Architectural Characterisation of H400 and Primary Rat Keratinocytes Organotypic Cultures

Introduction: Recent advances in quantitative microscopy now enable reproducible and quantitative morphological tissue characterisation. Organotypic epithelial structures can be engineered using primary or immortalised oral keratinocytes. However, their detailed quantitative histological characterisation in comparison with normal mucosal architecture has not been performed until now. Objective: To identify morphological markers of tissue arrangement that can be used to monitor tissue structure, maturation and differentiation and enable quantitative comparison of organotypic cultures with normal oral mucosa. Materials and methods: Organotypic cultures of oral keratinocytes (immortalised H400 or primary rat keratinocytes PRKs) were generated on a selection of scaffolds (de-epidermalised dermis DED, collagen gels and PET) for up to 14 days. Cultures were analysed using immunohistochemistry for structural and transmembrane proteins of oral epithelium including cytokeratins-1,-4,-5,-6,-10,-13, E-cadherin, desmoglein-3, involucrin, and Ki67. The epithelial thickness of organotypic cultures was measured in H&E sections using a semi-automated method of object extraction (SIOX).

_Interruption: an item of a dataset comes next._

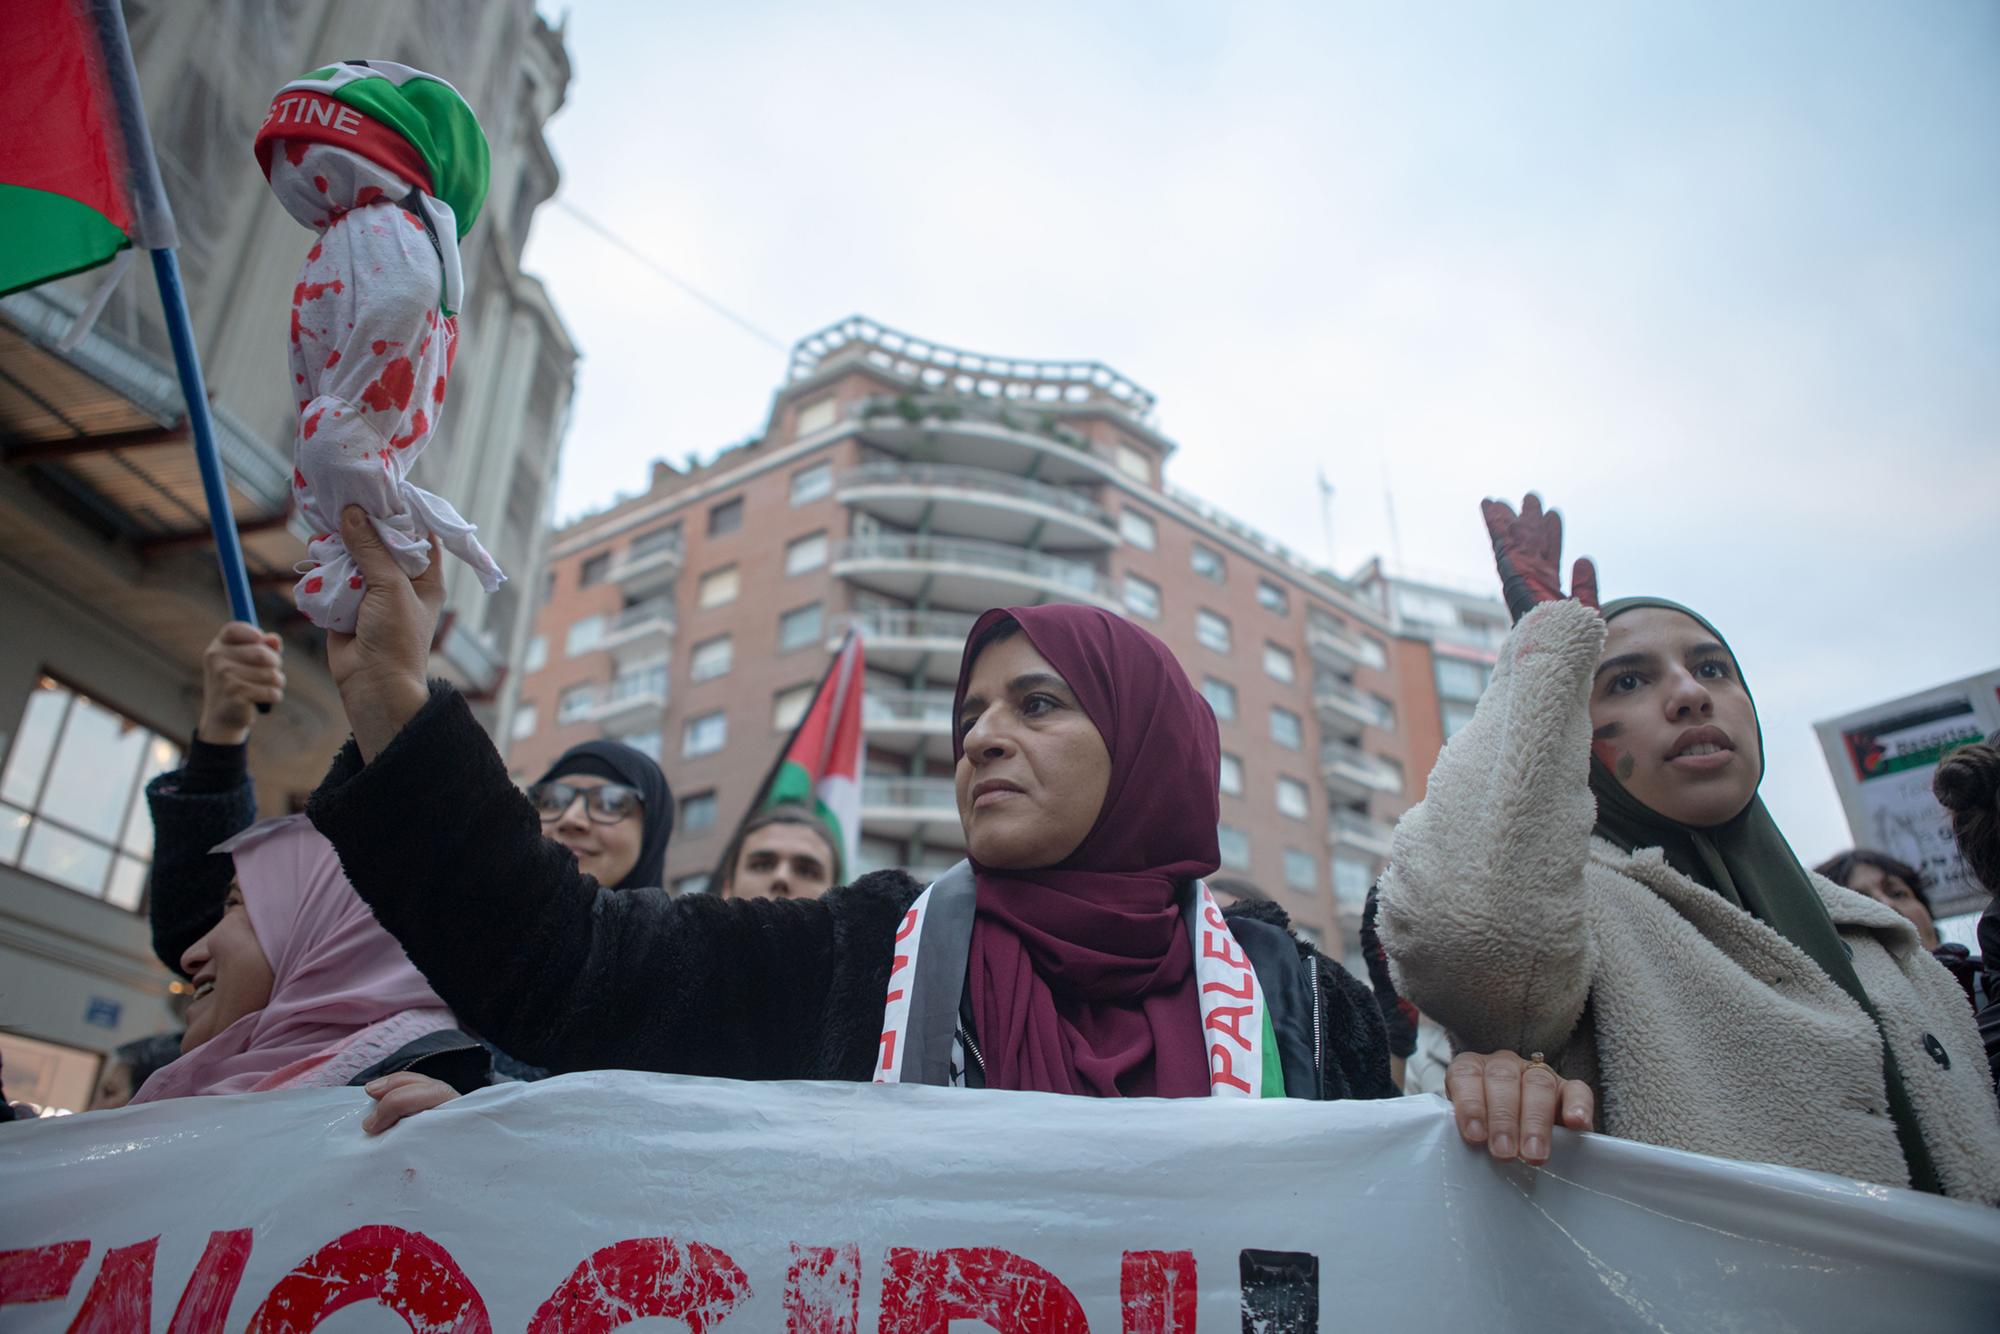 Palestina Manifestacion Valencia - 9

Results: Histological sections of organotypic cultures of H400 and PRKs on three different scaffolds DED, collagen and PET and their statistical analysis based on SIOX revealed that air-liquid interface cultures generated stratified organotypic epithelial structures after 14-days that were significantly different (P<0.001). The final thickness of the engineered epithelium as well as degrees of maturation/stratification (including stratum corneum formation) varied significantly depending on the scaffold used. For certain scaffolds, the immunohistochemical profiles obtained recapitulated those of normal oral epithelium indicating appropriate in vitro differentiation and proliferation. Conclusion: Quantitative microscopy approaches enable identification and extraction of cellular components, structural and spatial characteristics which help relating tissue structure to maturation marker expression. This model should facilitate a better understanding of the culture environment and the conditions that affect in the oral epithelium in vivo as well as in vitro.